Semi-structured data is the name given in database research (informatics) to information which is not subject to a general structure, but which carry with it part of the structural information. While structured data retention must be based on a database model that contains the appearance of the data elements (objects), semi-structured data lacks one. Semi-structured data does not need to be subjected to a type model; thus, a data collection from semi-structured data can expand as desired. Semi-structured data can be brought into a form with the help of rules, which has the characteristics (1) The data collection consists of one or more sequences of objects.(2) Objects can either be decomposed into attributes (complex objects) or they are atomic objects.
(3) Atomic objects contain values of a known, elementary data type. Semi-structured data with properties (1), (2), and (3) are called well-formed semi-structured data. The Object Exchange Model (OE model) has become a de facto model for semi-structured data. Data that has these properties can also be described as well-formed XML documents.
Is semi-structured not also structured?
Semi-structured data cannot be placed in a structured database model except for one exception described below. However, there are procedures in place to detect data types of semi-structured data. If the data types (classes) and thus the relations are known, you have an entity-relationship model. However, for this model, it can only be filled with data in this structure, not with other semi-structured data. For semi-structured files shaped in an OE model, it can also be claimed that the formal description of an OE model allows you to create a matching, structured data model that can look like this:
- This data model contains only three basic types: the nodes that represent the objects, the edges, attributes, or references, and sheets that represent the properties of the reference.
- Thus, all semi-structured objects of an OEM model can also be written into this data model. The following is an OEM DB model.
- Semi-structured data cannot be written into a DB model except models that have only one abstract data type for all objects.

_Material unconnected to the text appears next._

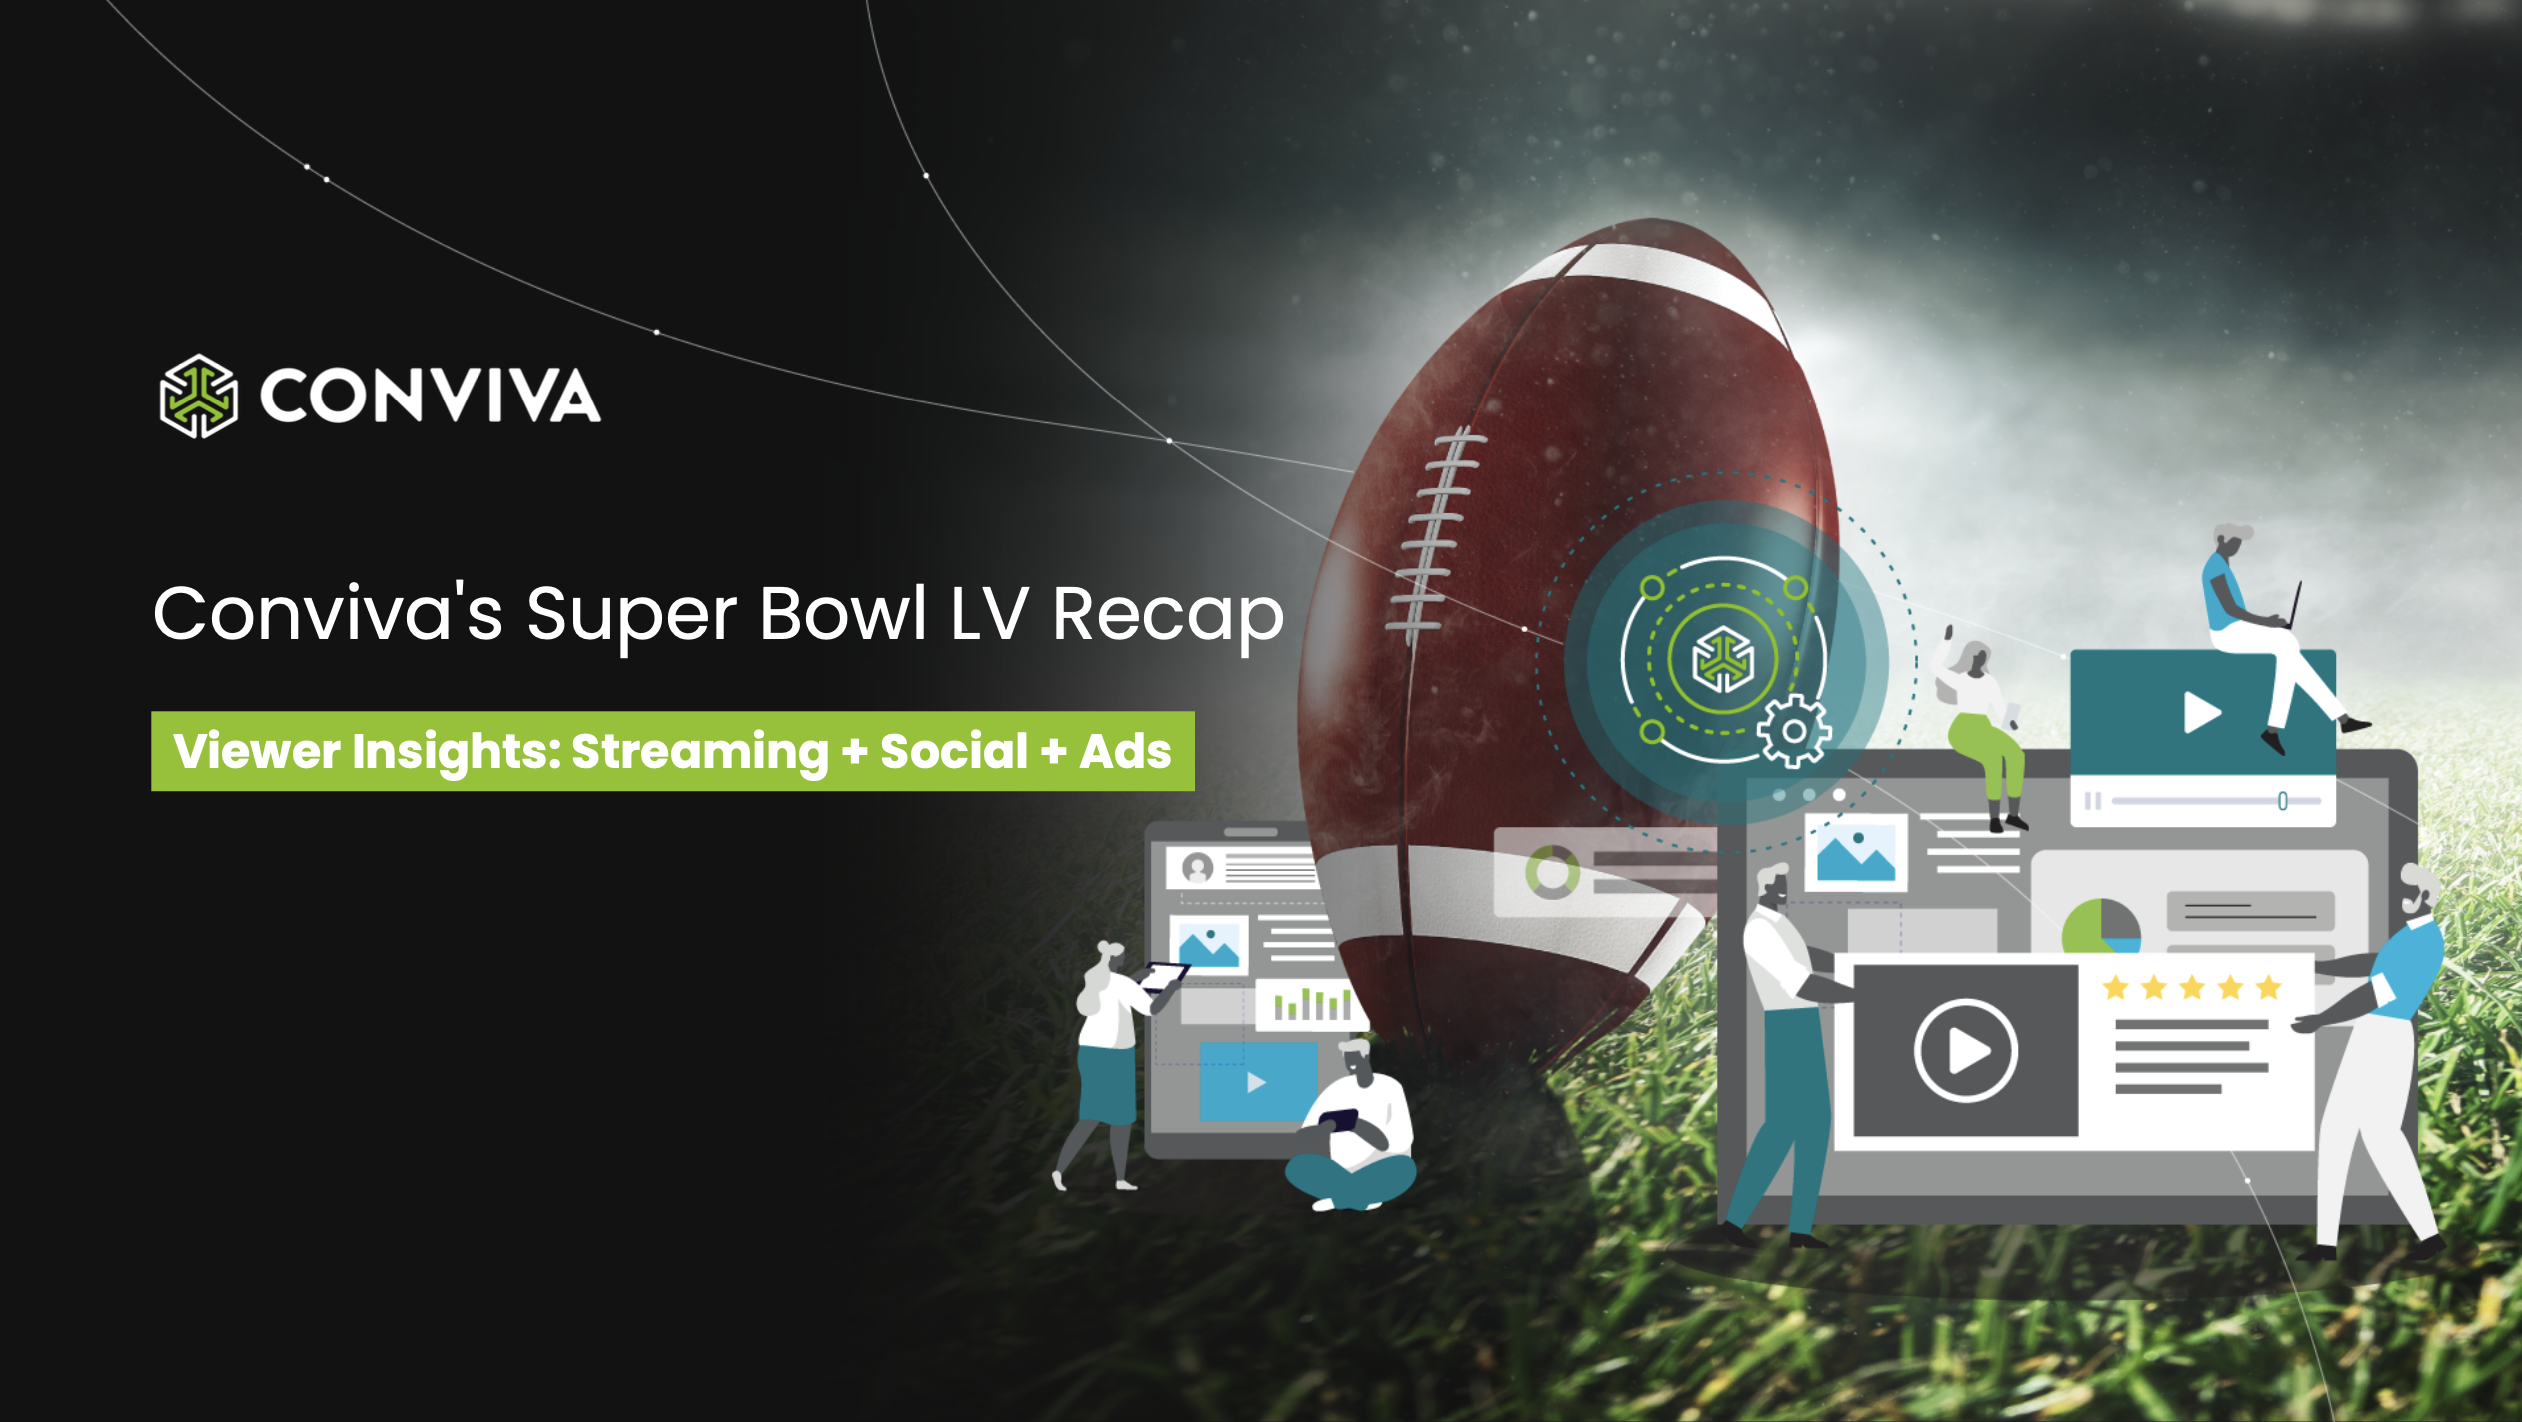 Conviva's Super Bowl LV Recap

Notation of semi-structured data
The notation of semi-structured data with XML, which has been standardized by the W3 consortium, is very widespread. This serves as a data exchange format on the Internet and is additionally used as a data storage format in many applications.In XML, attributes can be noted with the following notation for so-called elements whose name can be freely set:
<element [attribut_1="wert_1"] [attribut_2="wert_2"] [attribut_n="wert_n"]> content1 <unterelement_1/> <unterelement_2/> .... </element>
There are two ways to specify properties of objects within XML – (1) by XML attributes (2) by sub-elements
The so-called ssd (semi-structured-data) notation is less well known than the XML. However, this notation for semi-structured data provides a very short and clear presentation. There is another notation for the XML documents, which is called DTD (Document Type Definition). This notation describes the structure of an XML document.
XML files with DTD are more structured than XML files without DTD. XML files without DTD have no typing. Within an XML document, elements or tags and their attributes can be defined as desired, without any restrictions. In principle, it is possible for the DTD to define only a portion of the elements within the XML document. With the help of a DTD, it is possible to define which elements may exist and which attributes these elements may or must have; the amount of possible values can also be limited. In addition, the set of possible children can be defined with DTDs. The types described in the DTD can be implied. Although the XML document is subject to an object description, structured data cannot be spoken of.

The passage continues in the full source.